Exercise requirements: Your reply should set down word for word each line below from the one with "egg pushchair newborn insert" through the final line, both included, but none of the pictures.

Input data:

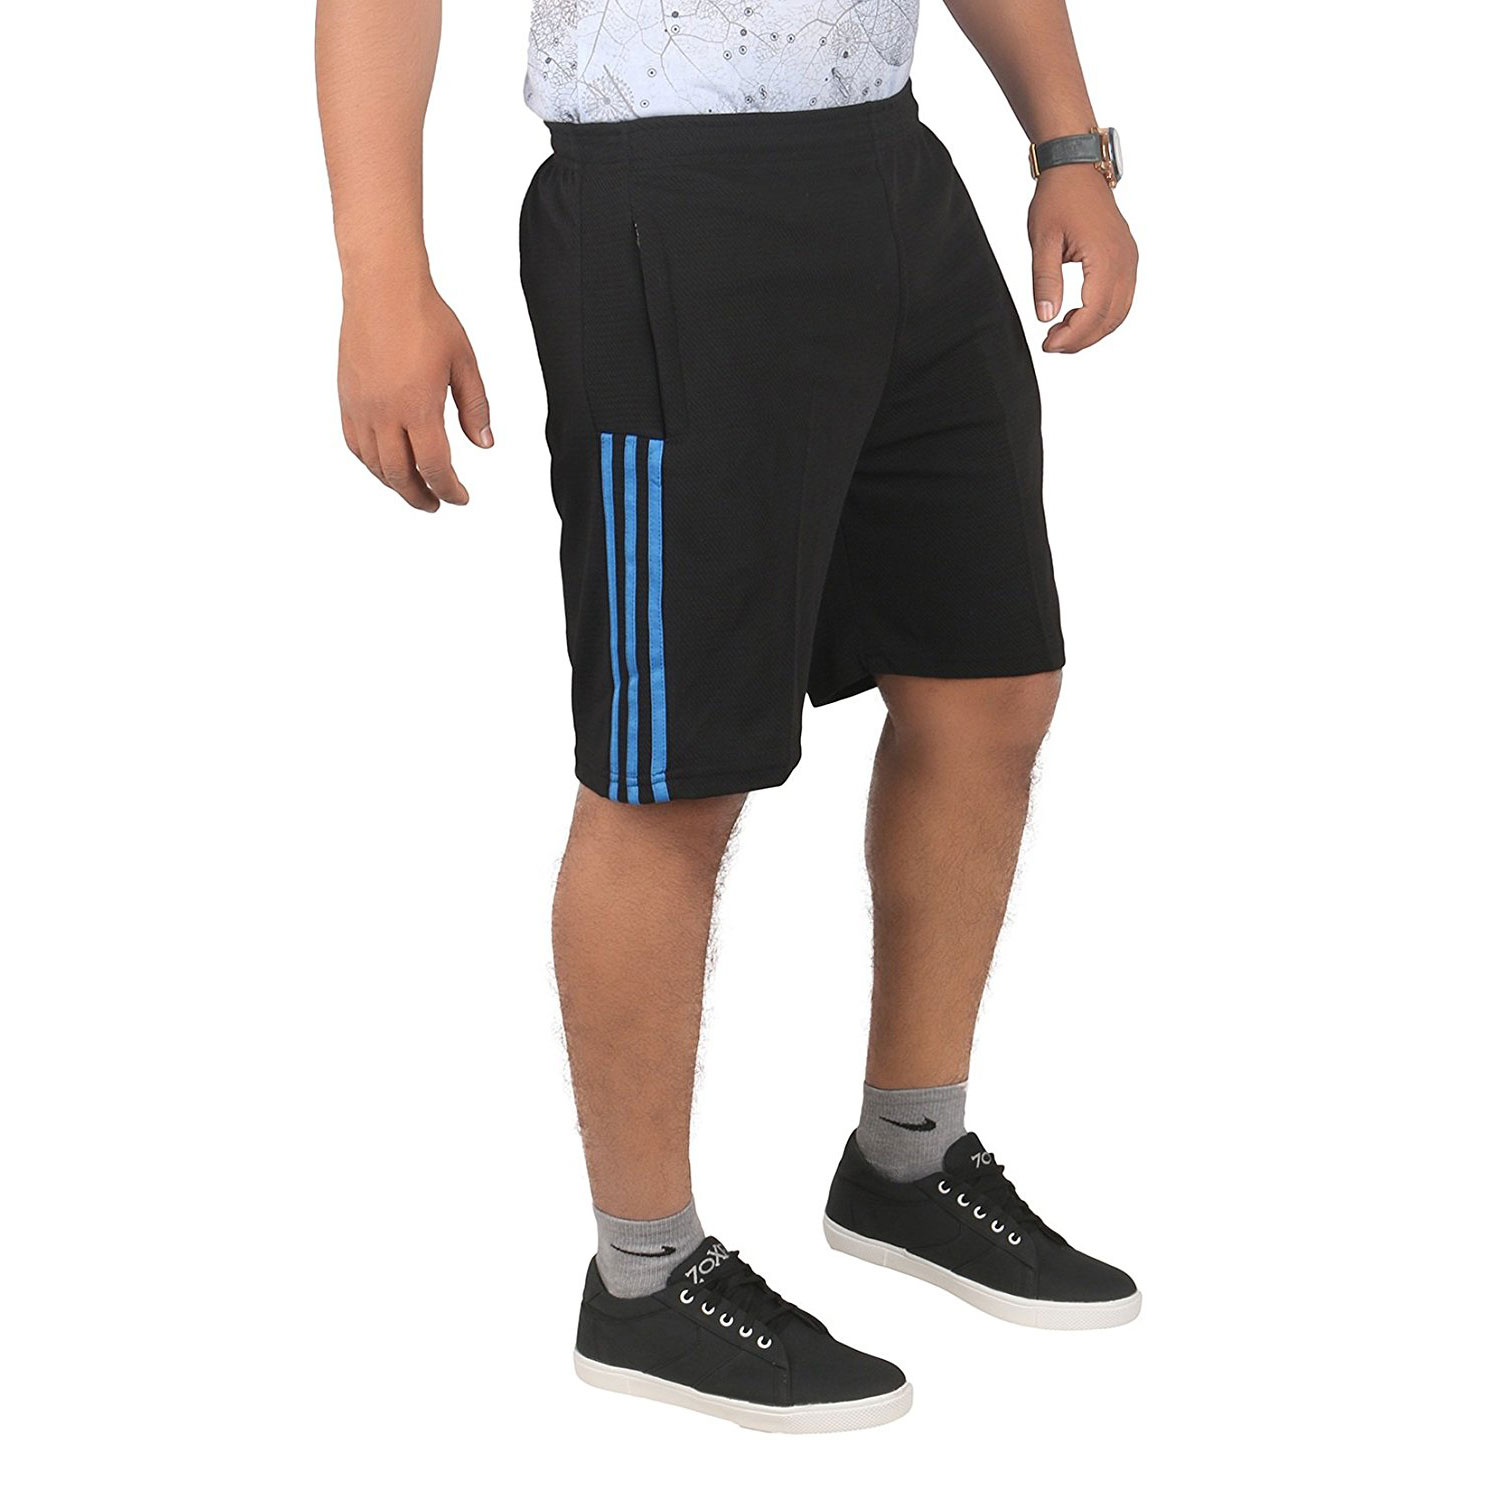  Men's Polyester Shorts, Gym Half Pants
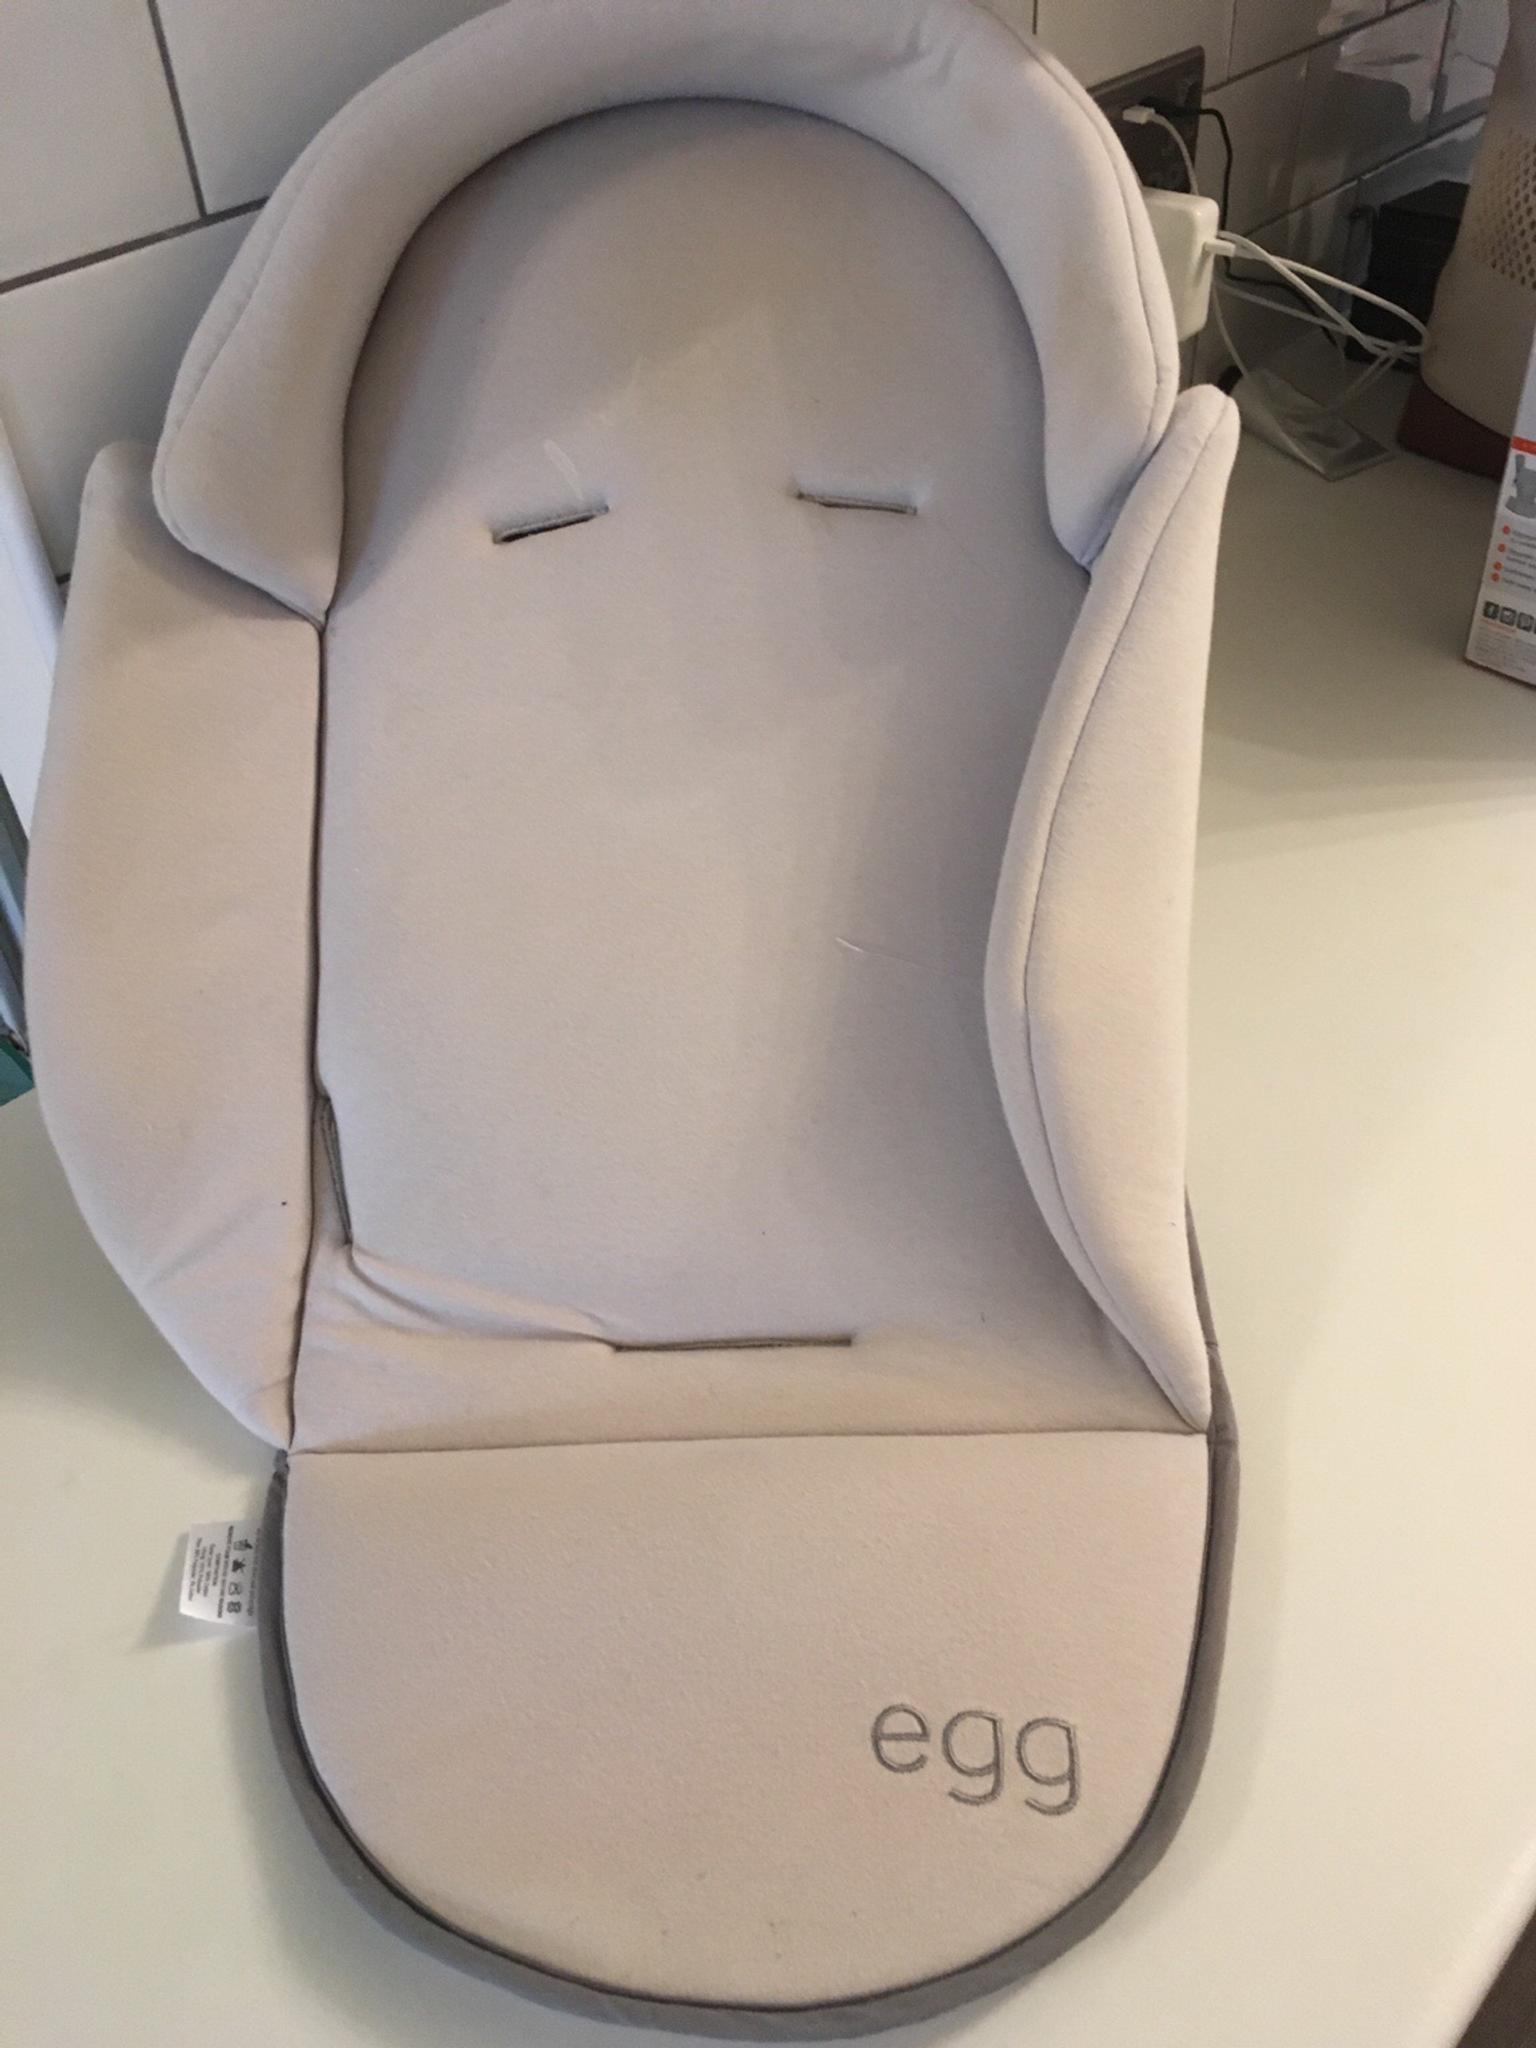 egg pushchair newborn insert
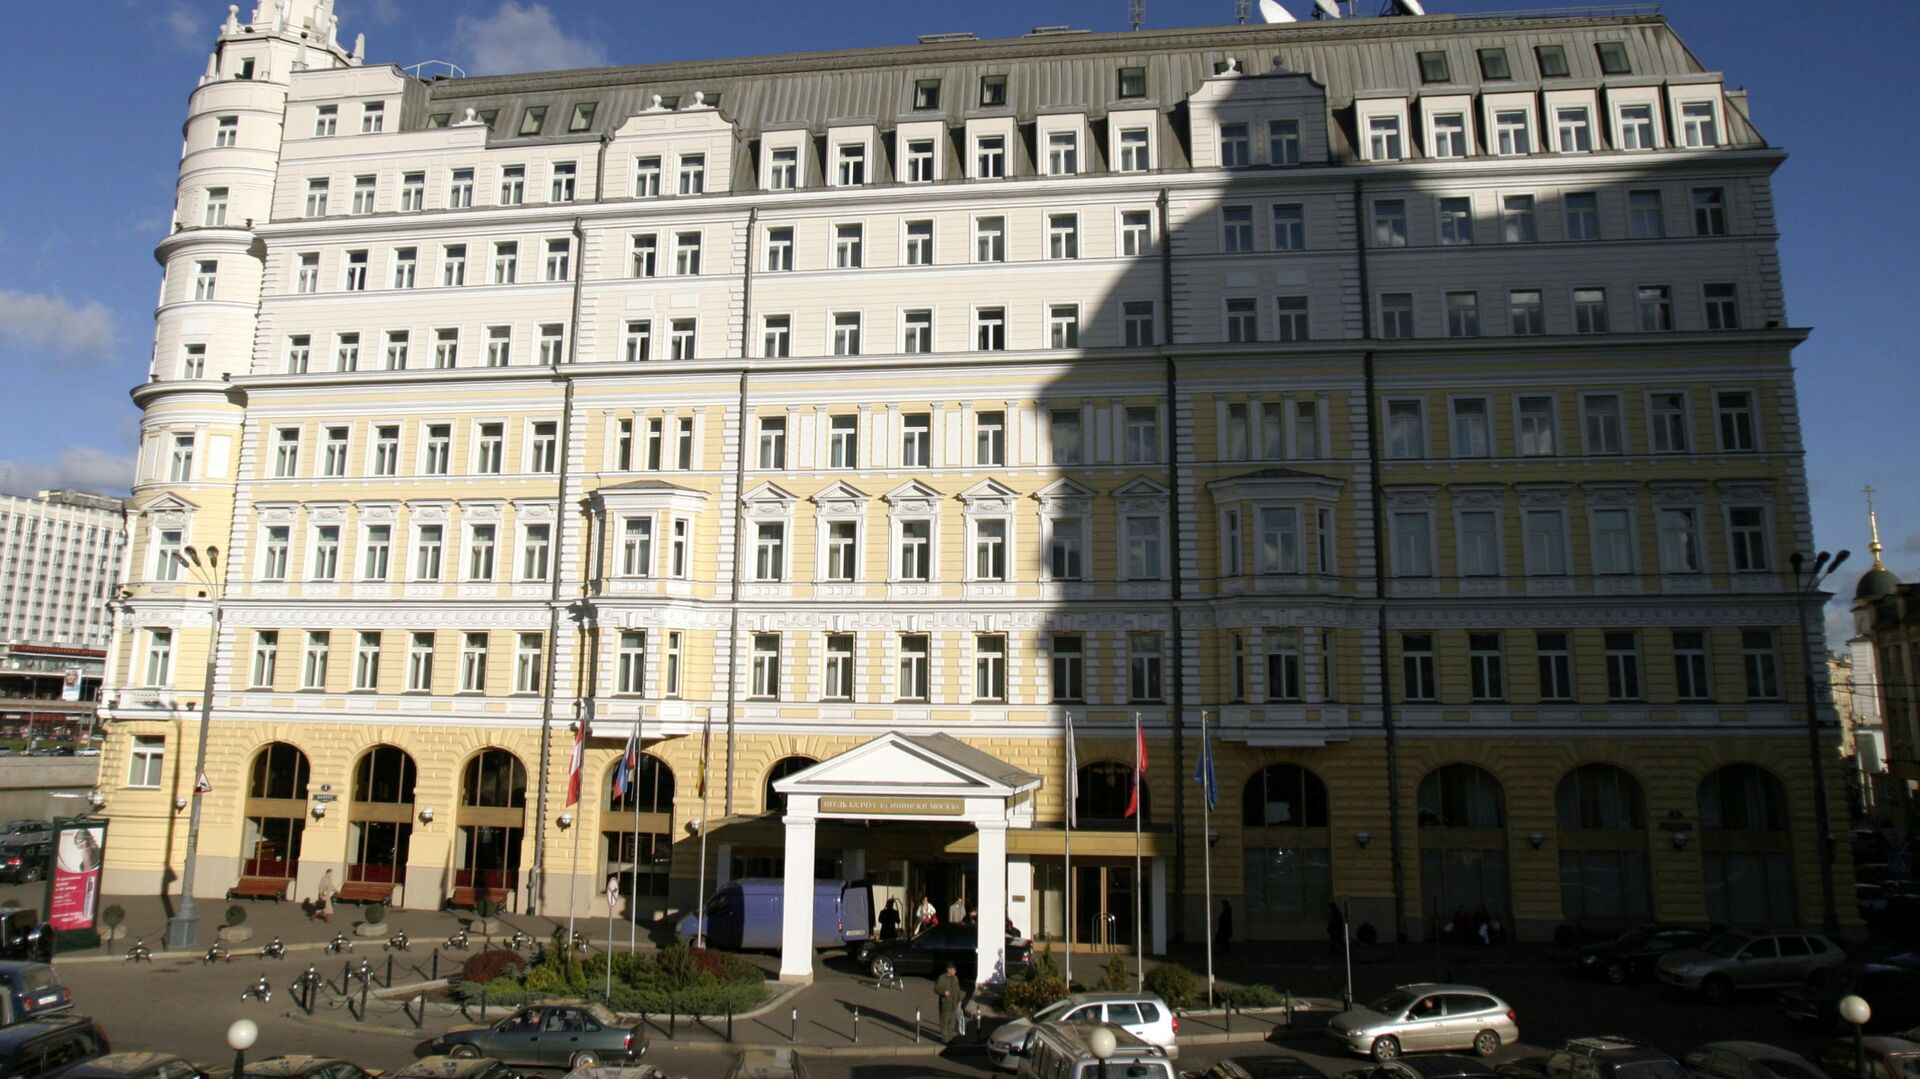 Балчуг 16. Балчуг Кемпински отель Москва. Балчуг Кемпински парковка. Балчуг Болгария.

Task response:
 egg pushchair newborn insert
 Балчуг 16. Балчуг Кемпински отель Москва. Балчуг Кемпински парковка. Балчуг Болгария.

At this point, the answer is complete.